Problem statement
Write out, without any change, the lines in the material below that run from the line with "Возвратный ток течёт" through the line with "Результат симуляции в", both included.

Data under study
────────────────────

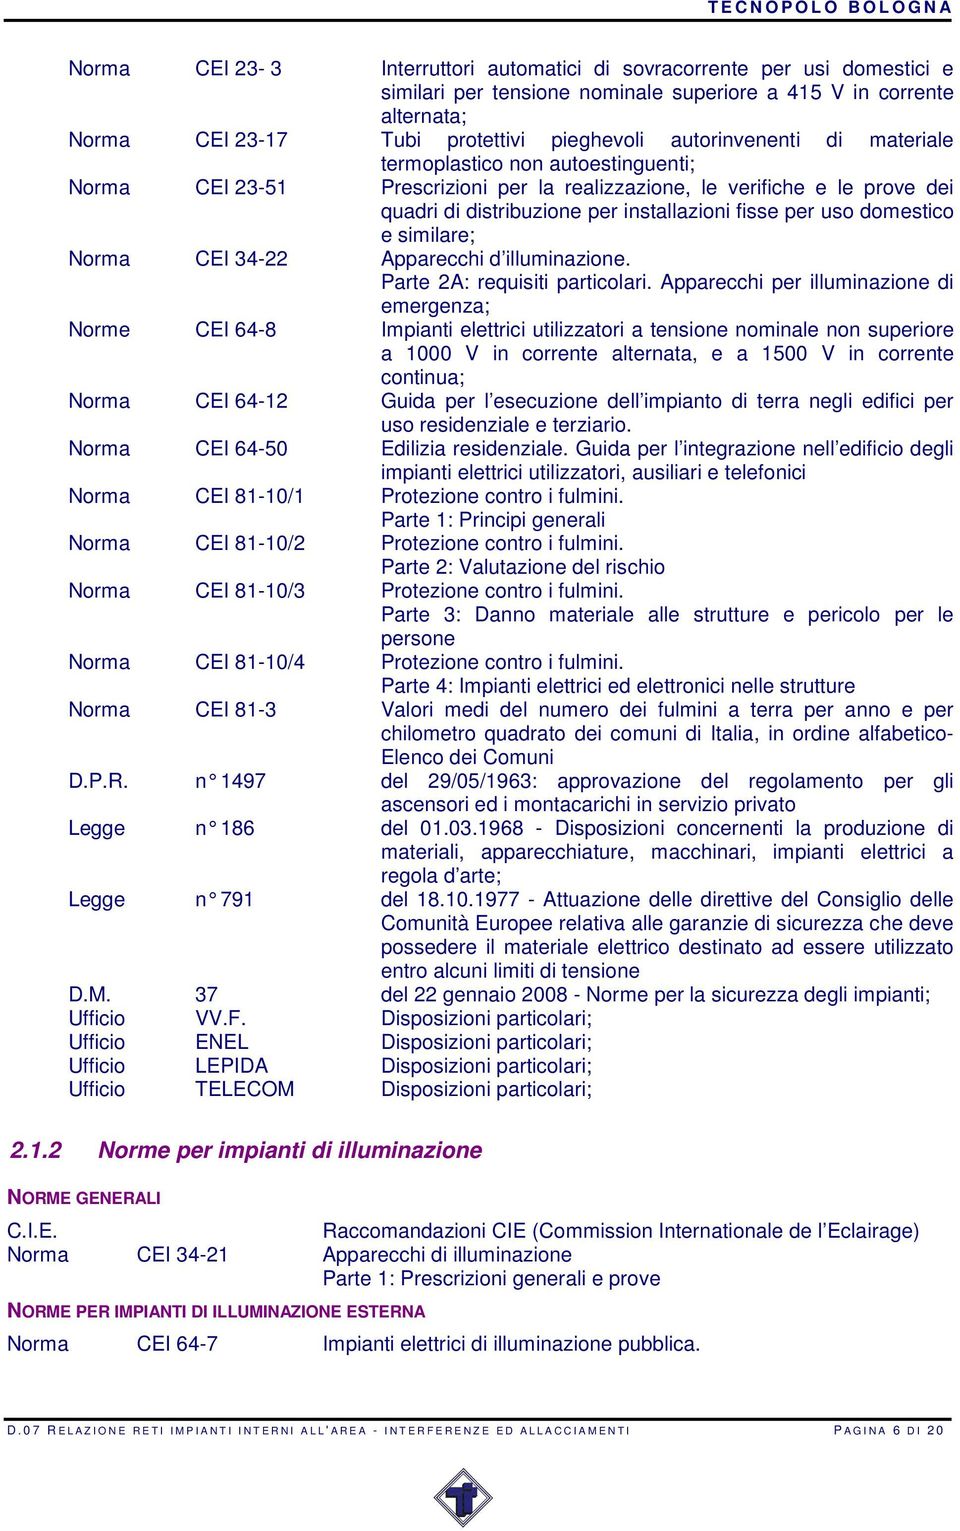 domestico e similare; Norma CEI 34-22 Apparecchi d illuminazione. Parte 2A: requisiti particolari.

────────────────────

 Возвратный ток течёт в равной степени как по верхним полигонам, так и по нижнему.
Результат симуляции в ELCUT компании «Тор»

────────────────────

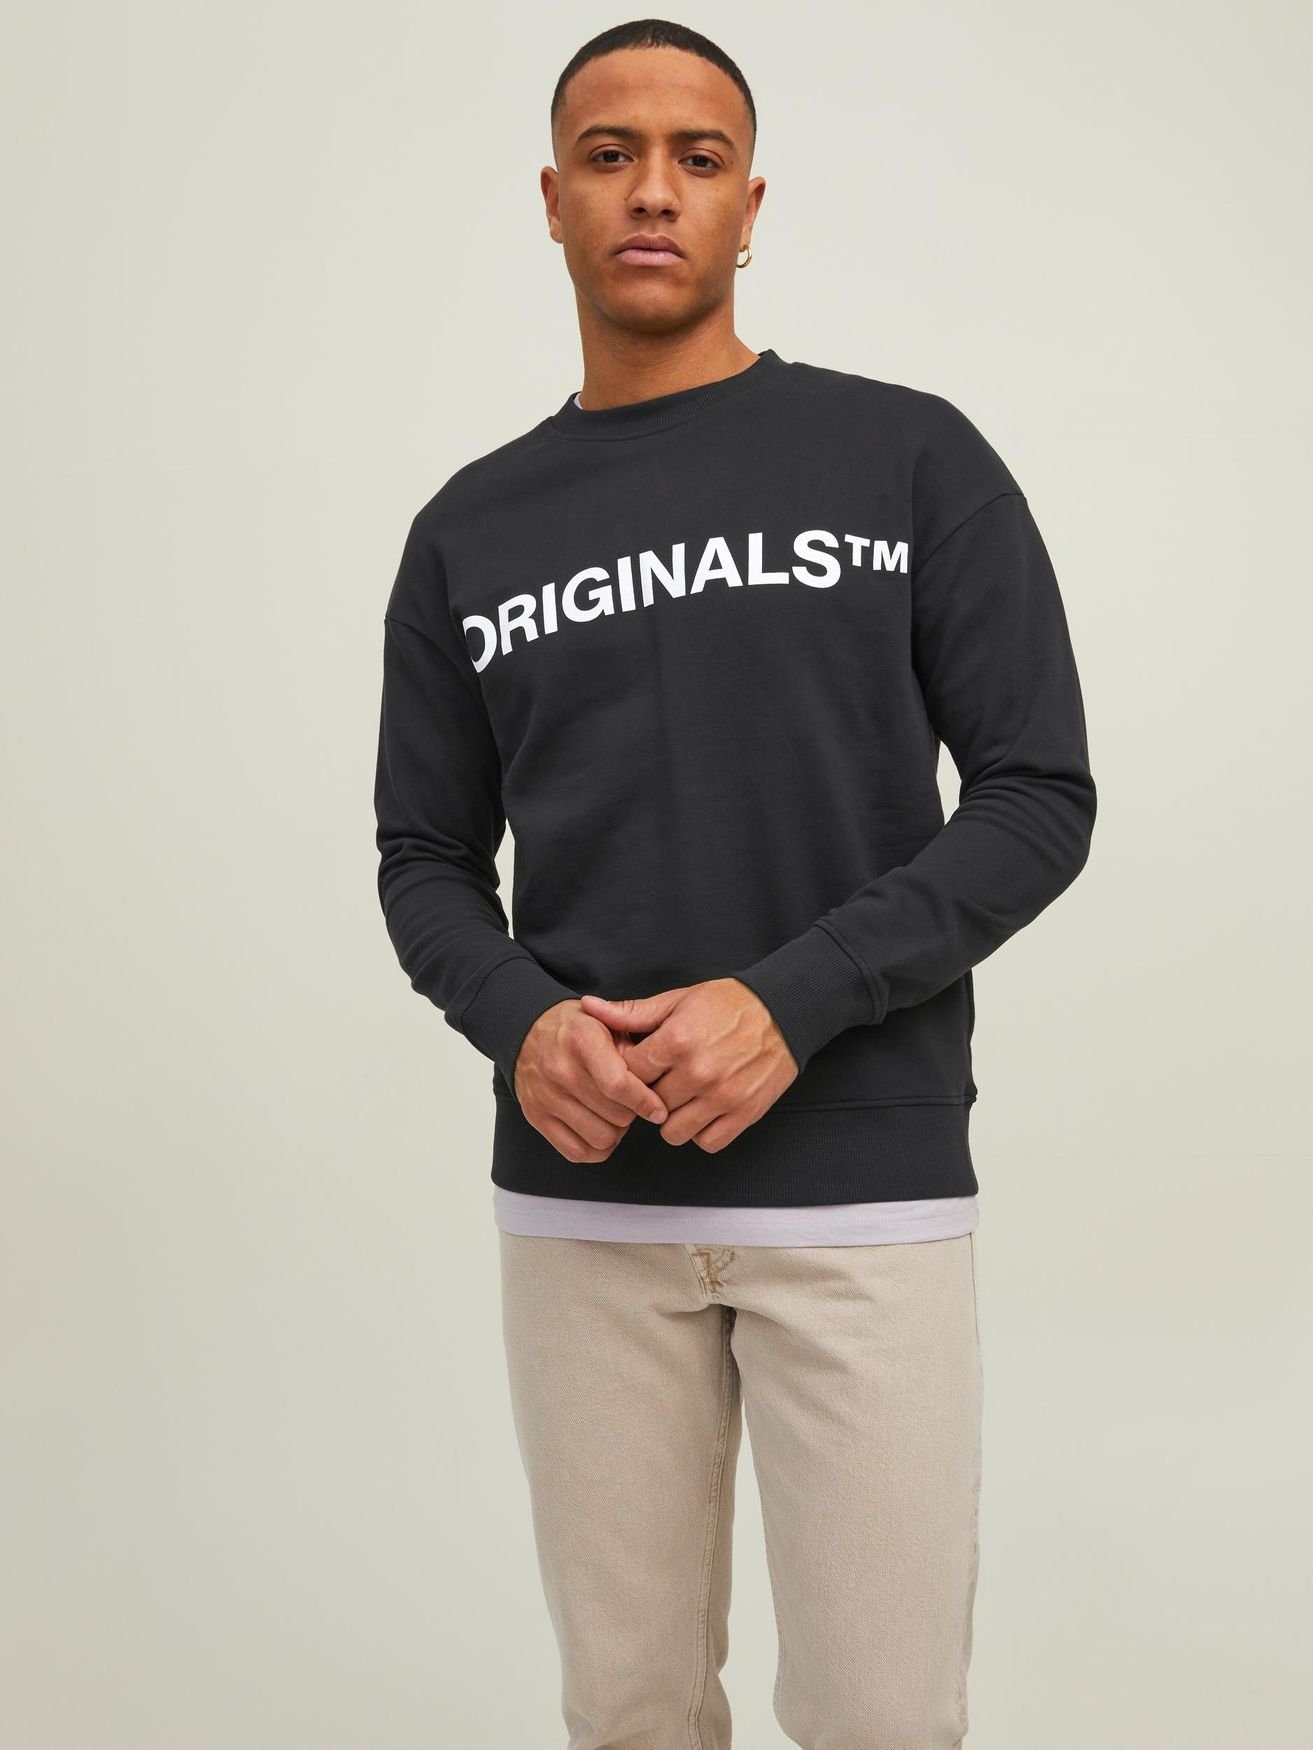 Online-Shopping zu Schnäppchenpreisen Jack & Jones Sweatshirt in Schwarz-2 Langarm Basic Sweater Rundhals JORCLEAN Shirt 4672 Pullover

────────────────────

Answer space
 Возвратный ток течёт в равной степени как по верхним полигонам, так и по нижнему.
Результат симуляции в ELCUT компании «Тор»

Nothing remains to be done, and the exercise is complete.